The only downer came when the Registrar asked me at a pivotal point to run to the back of the room where hired musicians were playing Elgar's solemn Nimrod, so I could tell them to shut up.

I've never had to silence a string quartet before.

Once the meal was over, I found myself as impromptu toastmaster, hushing the room by thumping the table with a spoon and announcing the speakers. Hindsight's a bugger of course, and it is only now as I commit my memory to blog, that I wish I gave my friend the groom a better introduction than three loud smacks with a spoon, followed by pointing at him and saying, 'Jim', before sitting down hastily. An audience, I know now, need some kind of direction, and a glowing build-up that would have ended with rapturous applause would've eased his nerves, as opposed to the few claps that he did get, more out of shock at my lousy work than any general dislike he may provoke.

Jim got his own back with what felt like a twenty-minute introduction that ended with, '...and now for the greatest Best Man's speech ever given in public.'

What followed obviously wasn't. It doesn't help that my friend, the morally upright, clean-living, thoroughly decent bastard that he is, has virtually no classic Best Man speech material in him; no tales of debauchery, no hard boozing, zero loose women, barely any rock and roll. (It's more Indie, really). Ghandi has a more chequered past than he does.

I did have a nice story from the days when we all went clubbing, though. We were moshing about during Nirvana's 'Smells Like Teen Spirit' when Jamie decided to shoulder-barge into Jim. This action propelled him across the length of the dancefloor, past assorted clubbers and glass-collectors, and through the emergency exit, where he dropped like a stone into an oil patch in the street outside.
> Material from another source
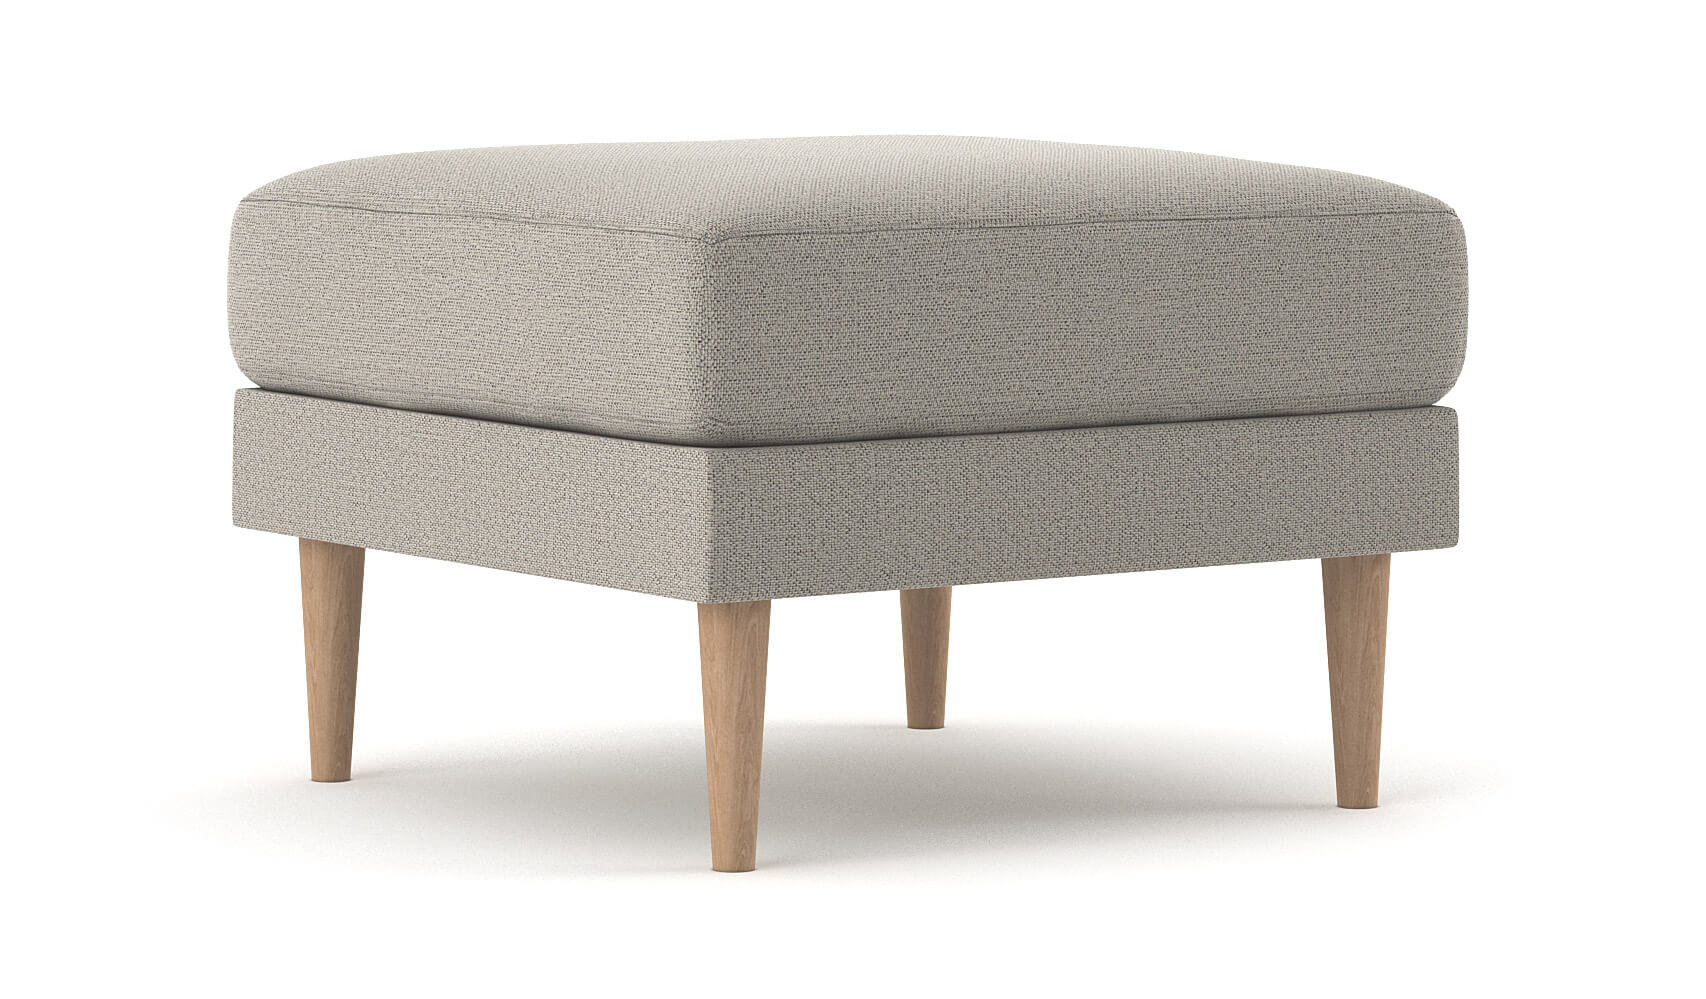 Shown in Texture Haze fabric and maple legs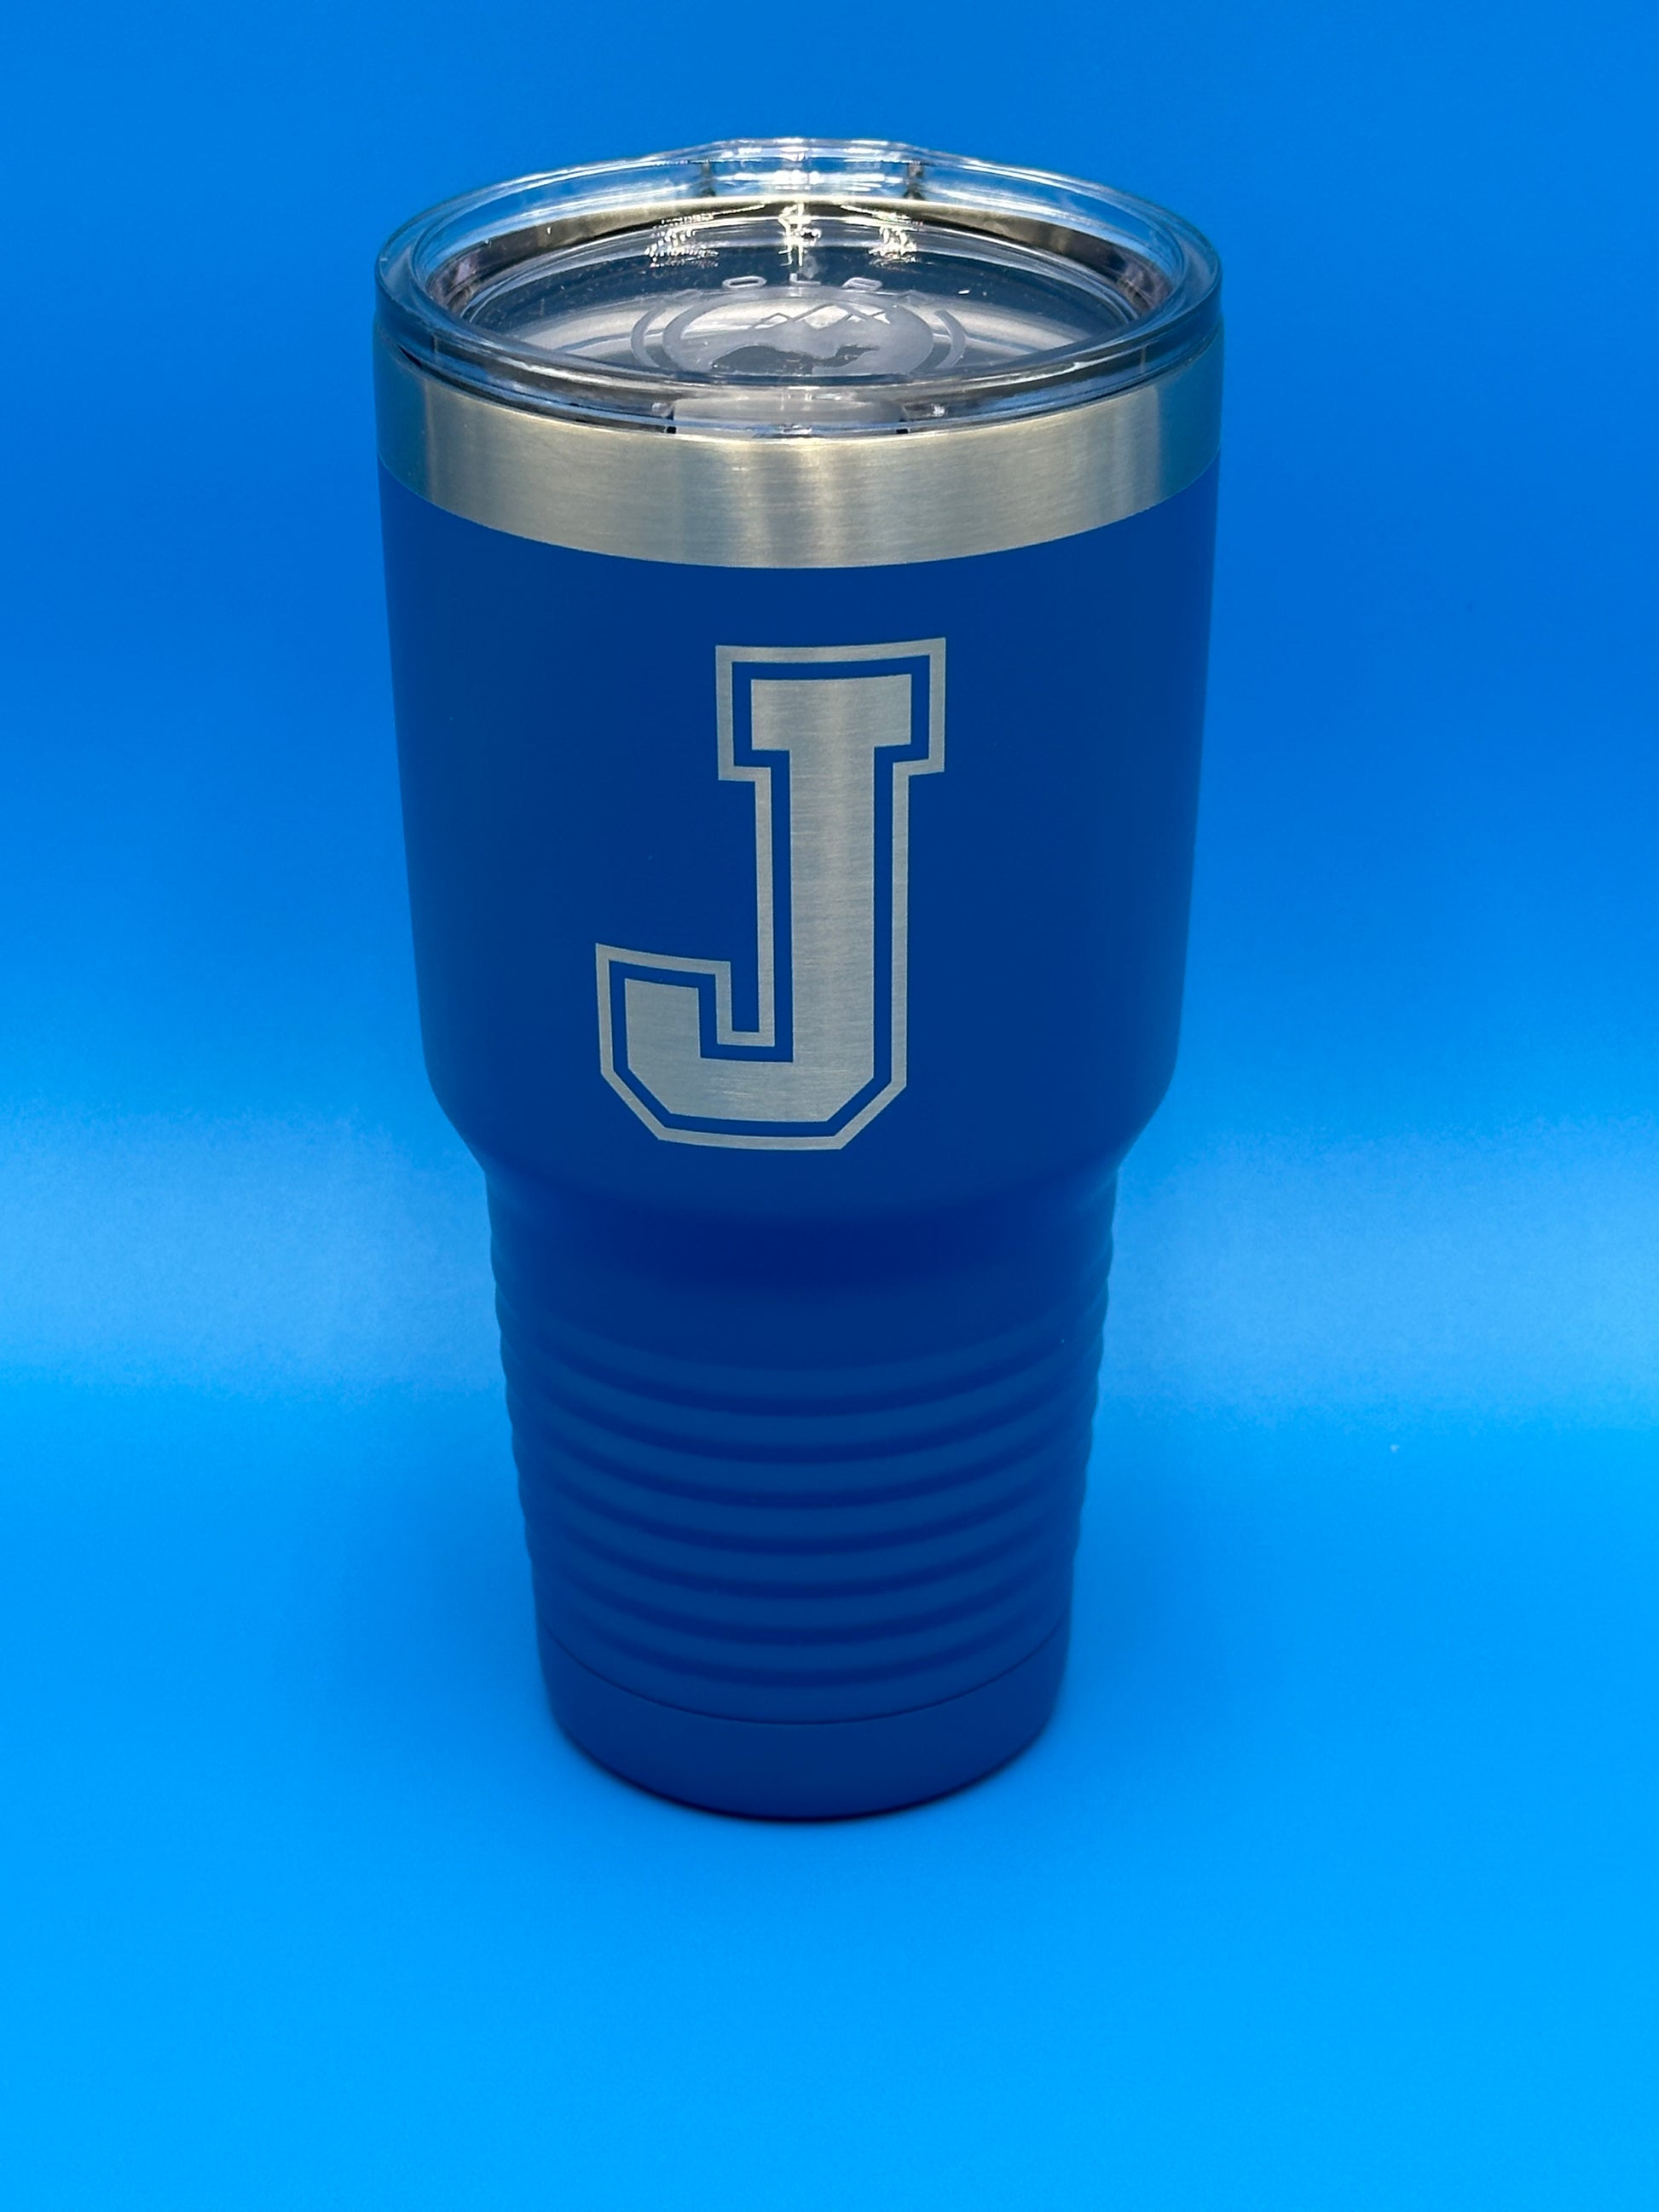 Polar Camel.  Double wall vacuum insulation. Hot/Cold Retention. Powder coated blue finish.  Laser engraved.  J logo.  Hand Wash Only.

Several hours later, somehow incapable of being drunk, I found myself in the hotel bar with Large Northern Flatmate and Hippy Dave, being commanded to "buy a drink for the blonde with the massive bangers" in the corner. Sat not that far from us. Within earshot.

So I did.

She said 'No', and immediately went to bed.

Nonetheless, I am left with very happy memories of the wedding; Large Northern Flatmate blubbing as he told Natalie what a brilliant new mother she is, Haggis apologising for the twelfth time for emailing me a list of obvious speech Do's and Don'ts (Do make it funny; Don't call the bride a cunt, etc.), Jamie getting shat on by a bird with good judgement during our Sunday morning walk in the park.

Moreover, there was something Feelgood Movie about that whole wedding; something to do with old friends, a little wrinklier, a little balder, a lot fatter, our arms round each other as we yelled out songs about Chevys and levees and rye.

And now I'm Thirty-fucking-Five, and I have been for precisely two days. I spent my birthday with two work colleagues; one, a shaven-headed Norwegian with a penchant for minimalist techno, the other a new French Senegalese intern I'd met that morning. I found it rather nice that he wanted to stop drinking after just one ale. I therefore spent my birthday plying lager, stout and whiskey to a shy nineteen-year-old lad who didn't want to drink. Said drinks also caused me to stand up and yell at the disinterested pub, "I'M THIRTY-FIVE TODAY!!!"
No-one cared.
On the plus side, Edouard did say I looked 28, which greatly cheered me up.

I do wish he wouldn't start and end every day going up to every office member and shaking hands though. I don't have the heart to tell him that the British aren't that polite. We are however socially retarded, so I guess we'll all be shaking hands consistently for the next two months.